Kunal Mullick: Quark is something that brought in a revolution of professional typesetting to the page makeup and composition industry, and you’re right when you say that Indesign is going to give every other programme a run for it’s money especially Quark because it is so well integrated with Illustrator and it’s the beginning of a different way of working with these tools and it’s very intuitive. And unless Quark does something very quickly, I am afraid they run the danger of going into oblivion. I am sure they are aware of this and there are many changes on the anvil but still today the typographic features available in Quark, the control that you have on them, especially for long document and book publishing, has to be implemented in Indesign and I am sure it will. But the other thing you mentioned about alternative publishing on the Internet, those are features that Quark needs to look at very seriously. It’s available only through thire-party extras, but these features need to be built into the programme and they have to work with industry standard tools more efficiently. . .

 

PDF and Digital Distribution of Advertising

R.S. Dugal

Digital delivery of advertisements is a very interesting phenomenon. About Rs 4000 crores worth of revenue according to me, was generated for the print media last year. Today, almost all the advertisements are designed digitally. Process houses design the advertisements digitally, put them on film, convert it from a digital to an the analog format, deliver the film to the newspaper, which has done almost its entire page digitally, and which is now getting its advertisements in an analog form. The analog advertisement is either stripped-in manually to the newspaper page, or it has to be scanned to convert it to a digital form. The most significant thing that happens with digital delivery is that there are no positives. You create the advertisement digitally, deliver it to the newspaper digitally, and the newspaper accepts it digitally. There are tremendous advantages. When we look at technologies, people accept technology primarily because it has some singular benefits for them. It creates a new revolution in the way you do business.

A lot has been said on how we transited from the old typesetting world to the new world with Postscript imagesetting. That’s exactly the revolution that’s waiting to happen as far as advertisements are concerned. It’s a win-win situation for everybody - for the advertiser and the advertising agency, for the newspaper and for the publisher. It happens without positives and without delays. Today this is a buyer’s paradise, as compared to 10 years ago, when it was a seller’s paradise. It’s the buyer who is demanding today, the time has come when somebody would like to release an advertisement just hours before the deadline of the newspaper and this should be possible to do. In fact, the new technology the world is asking for, is the auctioning of advertising space. The problems people have had with the conventional method of sending advertisements have been longstanding ones.

What is the underlying technology that is needed for digital delivery of advertisements? PDF is a great tool for digital delivery. Why?
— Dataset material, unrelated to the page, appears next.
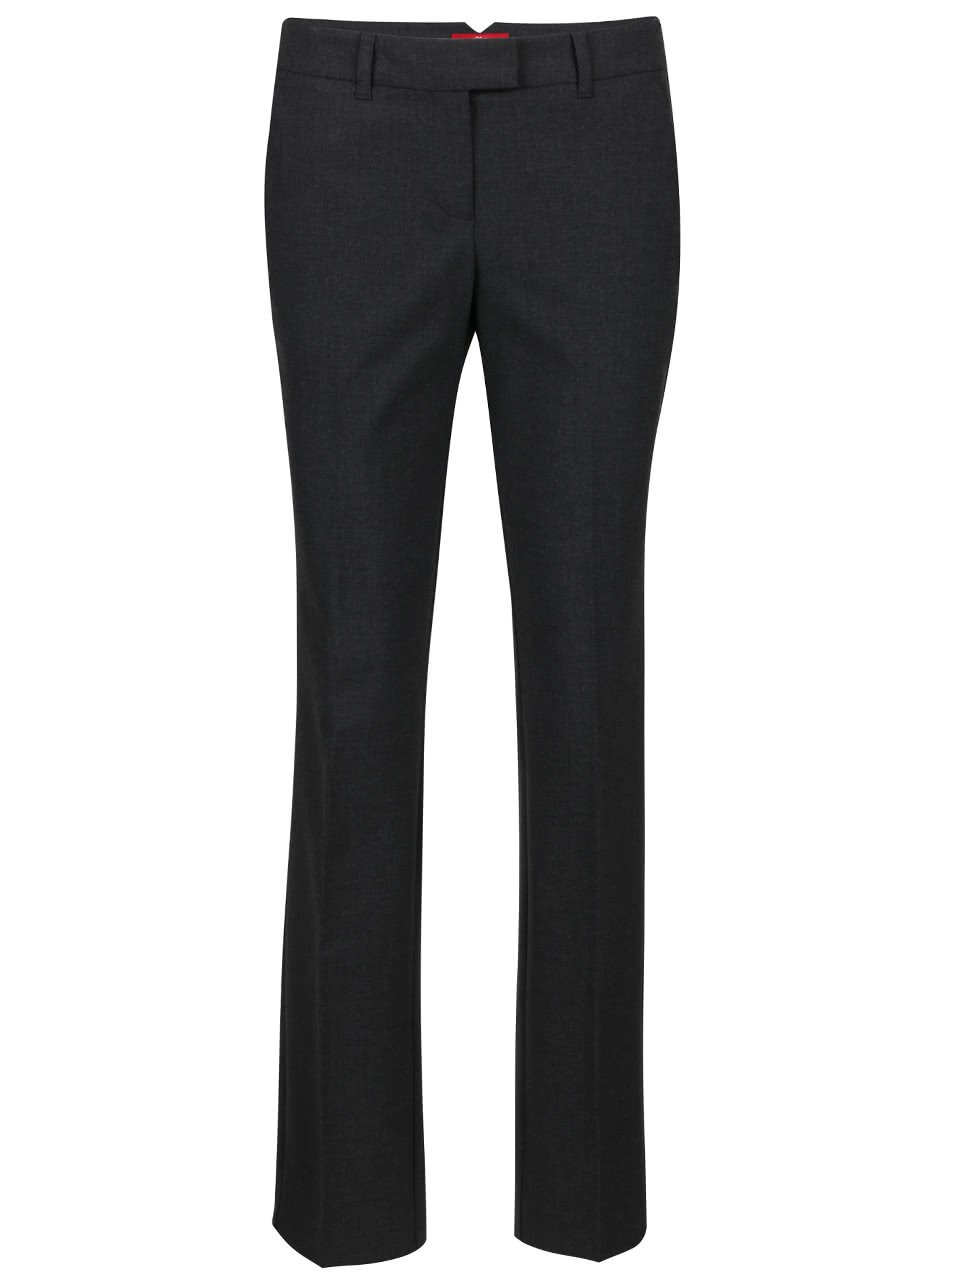 Tmavě šedé dámské strečové kalhoty s.Oliver

If I am an advertiser who uses an old version of QuarkXpress to design an advertisement and I want to send it to a newspaper which has the latest version of QuarkXpress and I use Gujarati fonts in my advertisement which the newspaper does not have, you cannot send an advertisement digitally unless you come to a point of the bare minimum of a backbone technology, a file format, technology standards where you can communicate. Acrobat has become de facto as far as digital delivery is concerned. In certain parts of the world I believe almost 60% of the advertisements are already transferred digitally. We have some case studies from Europe and Japan where this technology has become a reality. And PDF everywhere is becoming the absolute technology backbone. People have experimented with other file formats - EPS, JPEG, TIFF-IT but all things considered, Acrobat PDF is becoming the accepted technology.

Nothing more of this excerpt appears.